European Swimming Championships: Gillingham faces up to the problem of setting the pace: Guy Hodgson examines the responsibility that burdens a British medal hope

Click to follow
MANY British tears were shed on the sides of Montjuic Pool in Barcelona last summer, but none were more heartfelt than those following the final of the 100 metres breastroke. Nick Gillingham versus Adrian Moorhouse had been billed as swimming's Coe against Ovett and it was. Except the race was to avoid coming last.

Gillingham, hampered by a groin injury, finished seventh, a touch ahead of Moorhouse, the defending champion; neither could believe they had been so far adrift of the medals. The disappointment that night was to set a precedent for the entire British Olympic swimming campaign.

Gillingham, whose bronze in the 200m breaststroke later in the Games would be Britain's only aquatic medal, also acts as a tone-setter tonight in the European Championships where he will take part in his shorter event blessed or handicapped by setting the fastest time in the world in the ASA Championships in June.

His 1min 2.16sec tops the European rankings by a nearly half a second and he is further encouraged by the absence of Norbert Rozsa, the world and European champion, who has forsaken these championships after a schism in Hungarian swimming, the most alarming result of which is police inquiries into debts of dollars 7.5m ( pounds 5m). Rozsa did not take the money, but he has run to Australia where he has applied for citizenship.

Gillingham, 26, from Birmingham, has produced some of his best performances at Ponds Forge, the pool built in Sheffield for the World Student Games, but has spent the build-up dulling expectation. 'Just because I swam well in the trials does not mean I'm certain to win a gold medal now,' he said. 'It's very important to get away to a good start on day one because the confidence of the whole squad will snowball. I don't feel under any pressure. There's only the pressure I always put on myself to try to produce my best time.'

He is certain of the attention which has bypassed Karen Pickering even though her time of 56.54sec makes her third in the 100m freestyle rankings, Britain's best-placed woman. Her event always coincides with the men's 100m breaststroke which in recent years has meant she has been like Leyton Orient trying to divert the headlines from Arsenal and Tottenham.
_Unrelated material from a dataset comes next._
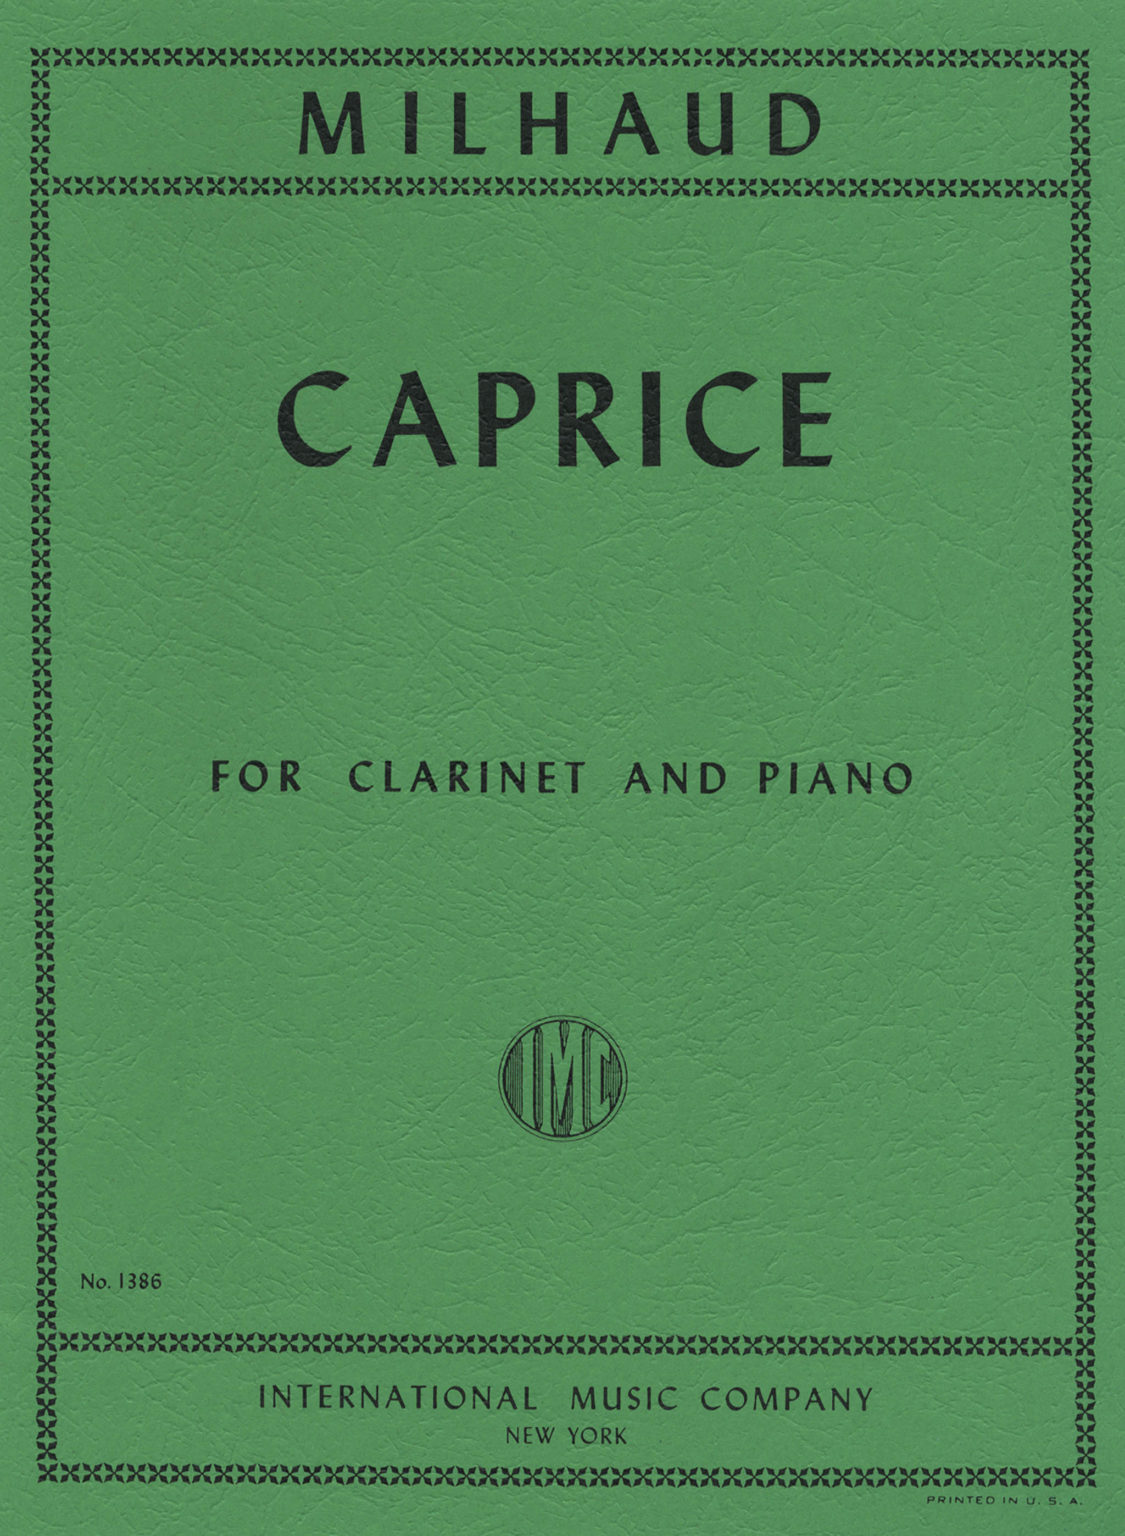 Caprice para clarinete y piano. Darius Milhaud

'It's always been this way,' the 21- year-old from Ipswich said. 'Before Nick it was Adrian Moorhouse. In the 1989 Europeans I finished sixth and thought it was a really good achievement, but Adrian beat the world record in his heat and then won the final so what I did couldn't compete. I will just have to do something spectacular.'

Pickering, who is a self-confessed follower of the unconventional, will need to exceed expectation considerably as she will be facing Franziska van Almsick, the 15-year-old German who won four medals in the Olympics and has since been setting world records at a rate to dismay the printers of record books.

'She's the one to beat,' Pickering said, 'but if I get my swim right I think I've a good chance of coming away with a medal.' After an Olympics where no British woman reached a final, such a result would be greeted like a Test win at cricket.